Tuesday, April 5, 2016

KITAB SUCI BUKAN ALLAH

KITAB SUCI BUKAN ALLAH
GAMBAR ILUSTRASI

Rita berusia sekitar 50 tahun, dosen yang memberi kuliah di perguruan tinggi di Jakarta, juga di perguruan tinggi di Jawa Timur. Kedatangannya untuk konsultasi mengenai perjalanan hidupnya dan rumah tangganya. Dia sudah cerai dengan suaminya dan sekarang mendambakan searang pria sebagai sandaran hidup di hari tuanya. Setelah memeriksa data pribadinya, saya tahu bahwa Rita tidak punya jatah jodoh, kehidupan suami istrinya pasti tidak harmonis dan berakhir dengan perceraian. Oleh karena itu saya katakan kalau mau mencari pria sebagai sandaran hidup di hari tua, jangan ada ikatan pernikahan secara kebudayaan, kepercayaan dan upacara-upacara lainnya. Cukup dengan catatan sipil saja, kalau perlu dan mau boleh melakukan per- nikahan tamasya saja, jangan ada pesta pernikahan.

Rita keberatan dengan usul saya, acara adat dan kebudayaan tidak mungkin dia tinggalkan. Rita bukan umat Kristen maupun Katholik, jadi waktu saya beritahu dia tidak ada jatah jodoh dan saya minta dia membaca kitab Injil untuk penjelasannya, dia memberitahu agama yang dianut dan mengatakan bahwa dia bisa berdosa kalau membaca kitab Injil.

Saya katakan pada Rita bahwa kitab suci adalah sebuah buku, bukan Allah. Sebuah buku yang berisi ajaran-ajaran Allah, bukan Allah-nya sendiri. "Anda seorang dosen, saya juga dosen. Di dalam menyiapkan bahan mata kuliah anda, pasti memakai beberapa buku acuan atau buku referensi. Kitab suci juga seperti buku-buku referensi itu, hanya konteks isinya saja yang lain. Anda tahu berapa banyak kitab suci dari berbagai agama yang setiap tahun dibuang di tong sampah? Ribuan kitab suci dibuang di tong sampah setiap tahun", saya menjelaskan pada rita.

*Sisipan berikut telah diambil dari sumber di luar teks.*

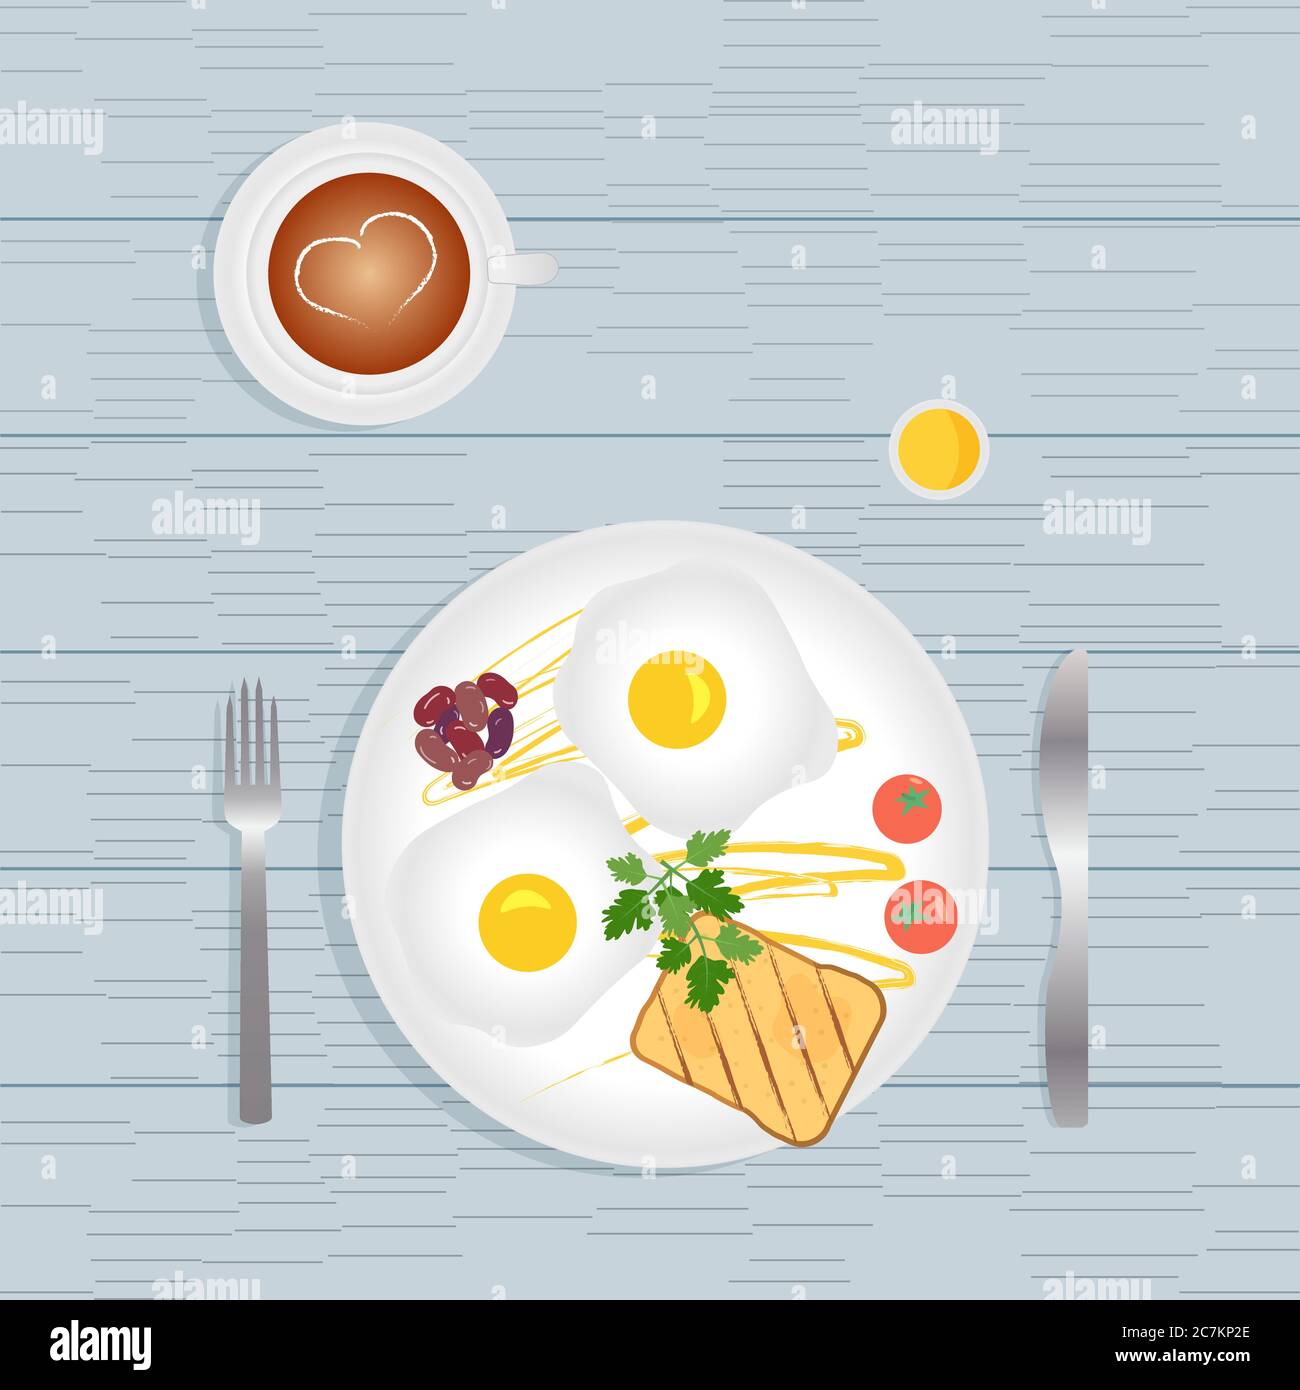 Frühstück und gesunde Mahlzeiten am Morgen - Spiegeleier, Toast, Gemüse, Tomaten, Bohnen, Petersilie und Sauce. Kaffee Latte mit Herzmuster Stock Vektor
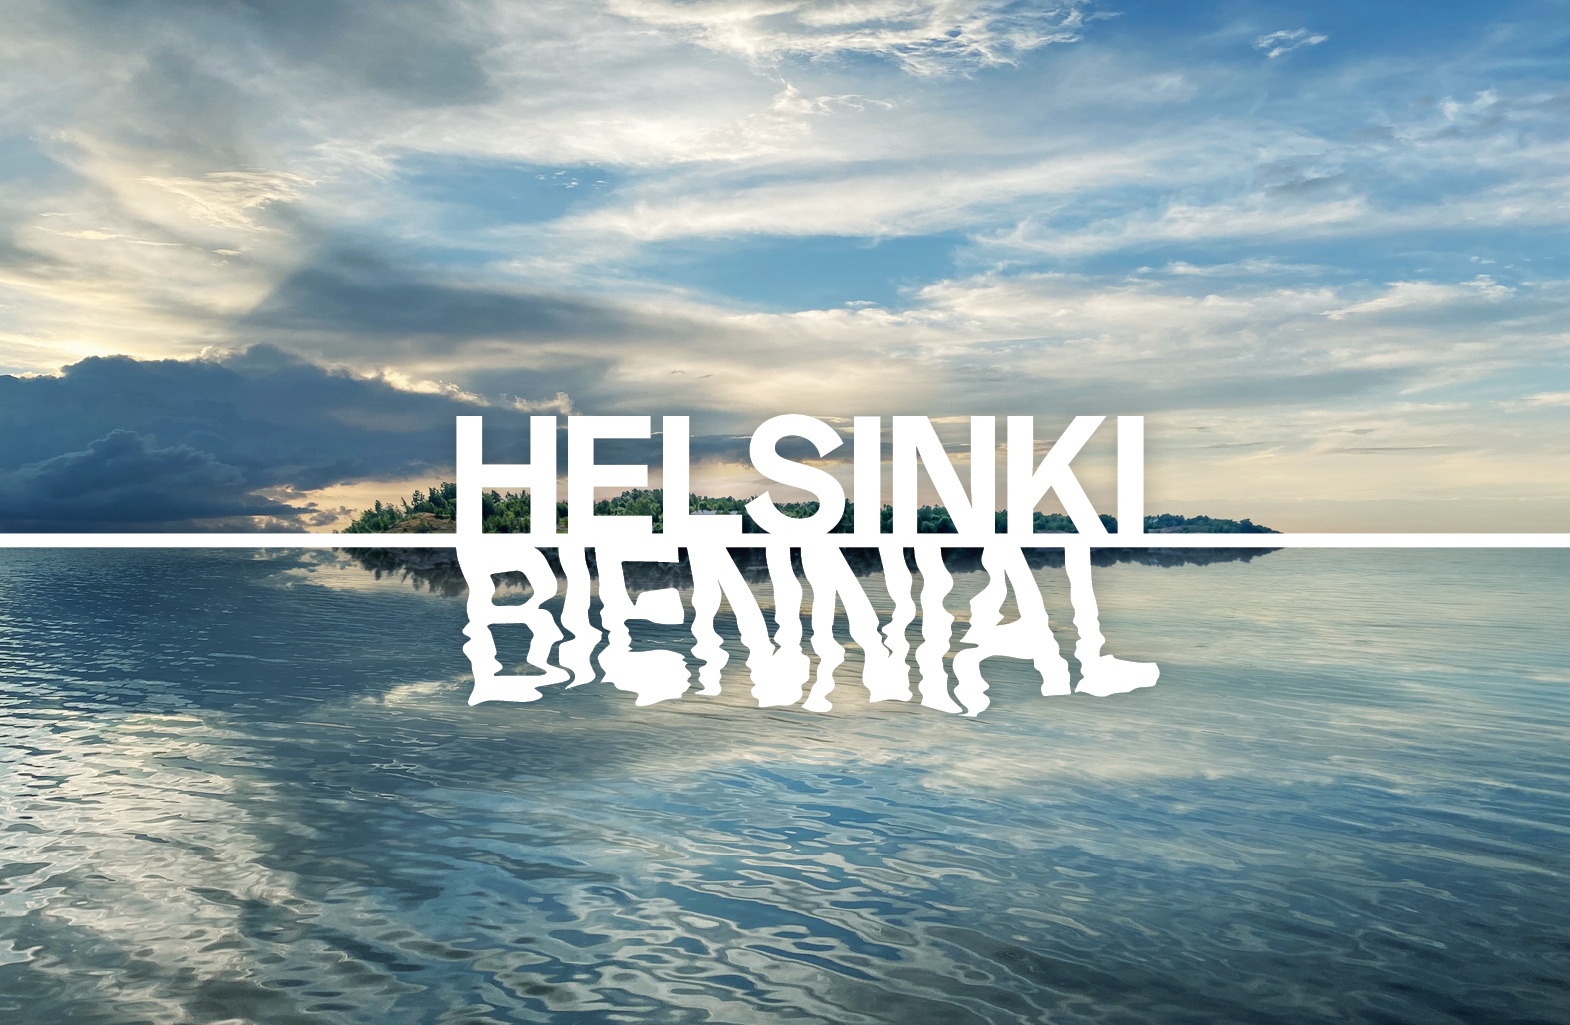 Вторая Хельсинкская биеннале объявила название и первых участников

Rita protes, "Bagaimana mungkin kitab suci dibuang di tong sampah? "Ya, setiap tahun ribuan kitab suci dari berbagai agama rusak akibat kebanjiran dan kebakaran. Semua kitab suci yang sudah rusak itu dibuang di tong sampah. Yang dibuang hanya buku, bukan ajarannya." Rupanya Rita cepat mengerti dan dia dapat menerima penjelasan saya.

Rita seorang dosen senior, seorang cendikiawan, karena kepatuhannya dan kepercayaannya yang kuat terhadap agamanya membuat pola pikirnya terhadap spiritual menjadi sempit. Menganggap kitab suci bagaikan Allahnya sendiri, dan dipuja.

Saya sering menemukan kasus seperti yang dijalani Rita ini. Saya beberapa kali melihat di altar sembahyangan umat Budhis atau Tao, juga umat Katholik yang mengaltarkan juga kitab suci, buku mantra dan kitab lain-lain yang dianggap suci atau disucikan oleh mereka. Malahan ada buku mantra yang mengharuskan pembacanya sebelum mulai harus membersihkan diri dulu, memakai pakaian yang bersih dan rapi. Semua yang mereka lakukan itu baik dan boleh-boleh saja, akan tetapi mereka kurang mengerti bahwa ibadah dan sembahyang yang baik itu bukan hanya terletak pada kebersihan badan dan pakaian, juga bukan dengan memperlakukan atau menyamakan kitab suci sebagai dewa atau roh suci itu sendiri. Ibadah dan sembahyang itu banyak ditentukan kebersihan hati nurani dan prilaku seseorang. badan yang bersih dan pakaian yang rapi mempunyai nilai Plus, tapi jangan terlalu fokus disitu.

Bagaimana dengan upacara sumpah presiden atau sumpah pejabat yang saat mengucapkan sumpah sebuah kitab suci diletakkan di atas kepalanya? Itu hanya simbolis saja bahwa orang yang disumpah itu mengucapkan kata-katanya di bawah ajaran-ajaran Allah atau demi Allah. Ini simbolis yang mempunyai efek psikologis atau kejiwaan, Allah mendengarkan sumpahnya. Apakah benar Allah mendengarkan sumpahnya? Apakah sumpah seperti ini mempunyai kekuatan spiritual? Belum tentu, tergantung siapa yang melakukan penyumpahan.